We hypothesized that increased facility volume, presence of consensus double reading of mammograms, and reviewing audit data together in a meeting would be associated with increased accuracy but suspected that trade-offs in sensitivity and specificity would occur with other facility characteristics and that the other facility characteristics might not lead to a net change in accuracy. We expected that a high facility volume would be associated with improved accuracy through increased experience and an emphasis on screening mammography. We expected consensus double reading and reviewing audit results as a group to be associated with improved accuracy because social learning theory suggests that people learn from each other's behavior and from the behavior of role models (18).
For each performance measure, we initially fit a multivariable model that included patient characteristics, radiologist characteristics, and an individual effect for facility (statistically called a random effect), but we did not include other facility factors as covariates. The purpose of these models was to determine whether statistically significant variation in each performance measure was associated with an individual facility after adjusting for patient and radiologist characteristics. The variance in each performance measure due to the facility was tested to determine whether this variation across facilities was greater than that expected by chance alone. For each facility, we computed the mean values and 95% confidence intervals (CIs) for sensitivity, specificity, PPV1, and PPV2. We then built multivariable models for each performance measure using facility characteristics that were relevant to our hypotheses (ie, facility volume, method of double reading, method of audit review) or that were associated with any outcome in univariate analyses at a P value of .1 or lower. We removed variables that were highly related to other variables in the model (presence of double reading, offering interventional procedures, and percentage of screening mammograms) or that were no longer statistically significant at a P level of .1 or lower (eg, affiliation with academic medical center). The final model for each performance measure therefore included patient characteristics, radiologist characteristics, and the facility characteristics that were part of our principal hypotheses or that remained associated with at least one performance measure at a P level of .1 or lower. Screens that were missing any of these factors were excluded; the final models included 360149 screening mammograms (seeFigure 1). All screening examinations that met the above criteria were included in the models; thus, multiple mammograms per woman could be included until a cancer was diagnosed.

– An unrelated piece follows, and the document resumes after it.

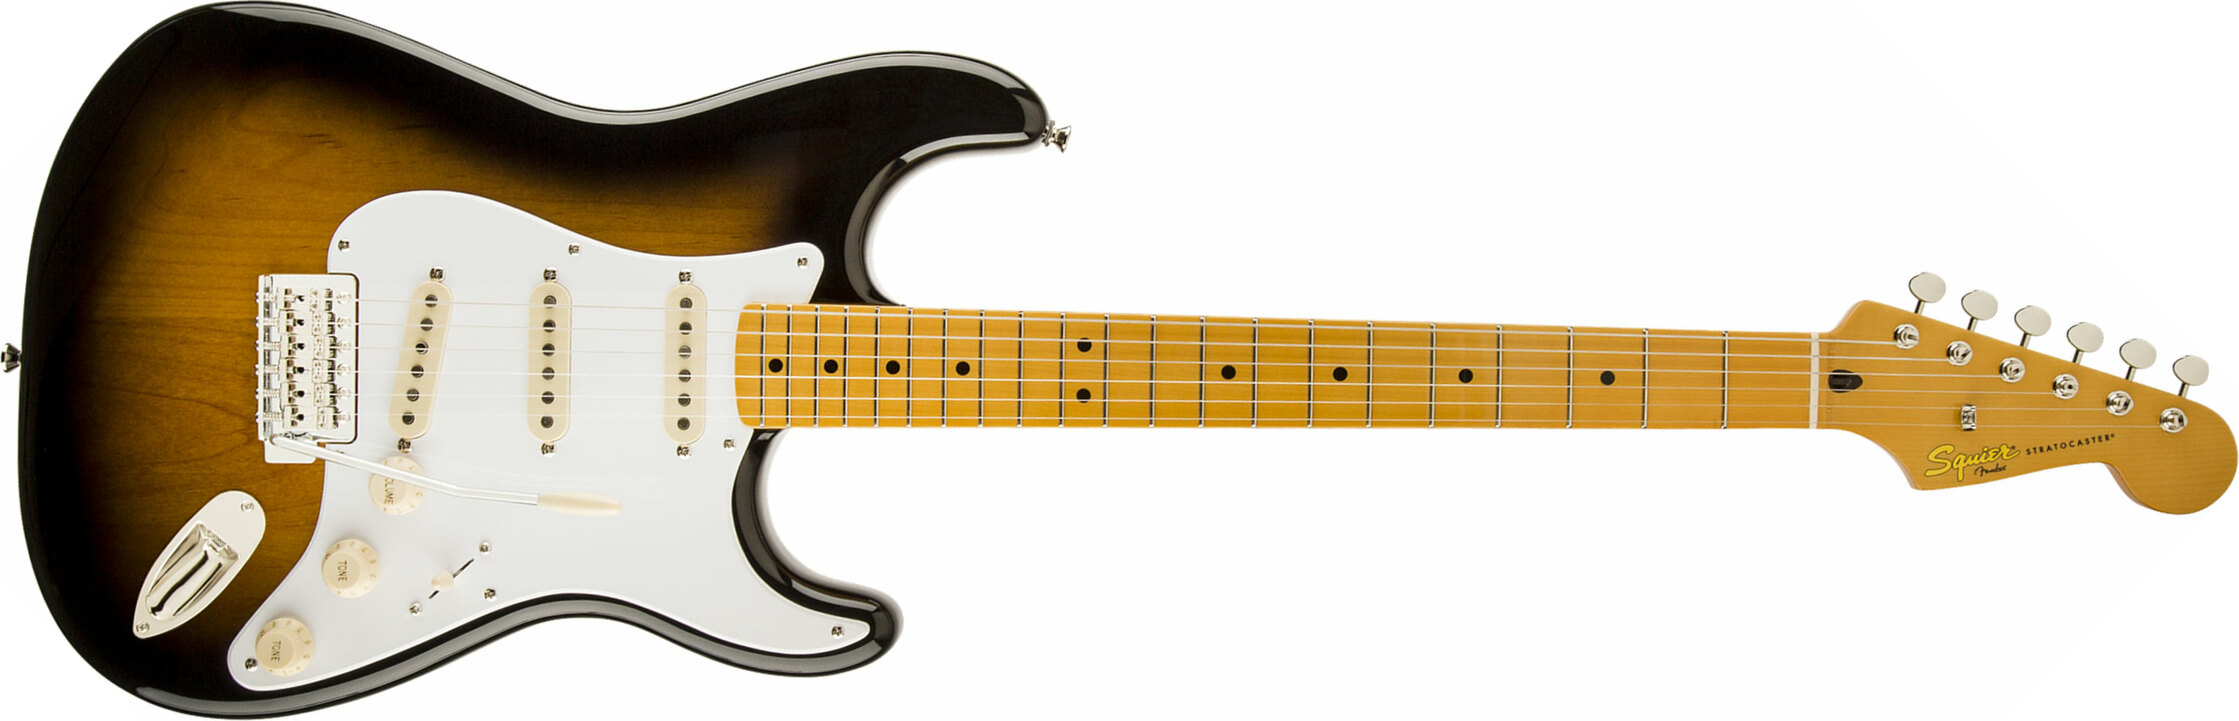 Squier Strat Classic Vibe '50s Mn - 2-color Sunburst - Str shape electric guitar - Main picture

The models for sensitivity examined the probability of a positive screen among screens with a cancer diagnosis during follow-up. The models for specificity estimated the probability of having a negative screen among those without a cancer diagnosis during follow-up. The models for PPV estimated the probability of having a cancer diagnosis given a positive screen, with the definition of positive screen differing for PPV1 and PPV2 as noted above. These mixed-effect logistic regression models were fit using the SAS procedure NLMIXED (19).
We also used the SAS procedure NLMIXED (19) to perform ROC analysis, which was used to summarize the association between facility characteristics and the overall interpretive accuracy of screening mammography. We used the BI-RADS assessment codes as an ordinal response: 1, 2, 3 with no immediate work-up, 3 with immediate work-up, 0, 4, and 5. We then fit ordinal regression models with two random effects and covariates for patient and radiologist characteristics. The two random effects adjusted for the radiologist's likelihood of calling the mammogram positive and his or her ability to discriminate between mammograms with and without cancer present. The multivariable models enabled us to estimate ROC curves and the AUC associated with specific facility characteristics while adjusting for patient and radiologist characteristics. The actual AUC value is computed from the estimates associated with covariates. Confidence intervals are available for those estimates but are not routinely computed for AUC values, which are only summary statistics and primarily descriptive. Additional detail regarding the method of fitting the ROC curves is available in an earlier publication (5). Likelihood ratio statistics were used to determine whether each facility factor was statistically significantly associated with accuracy (P ≤ .05). All P values are two-sided.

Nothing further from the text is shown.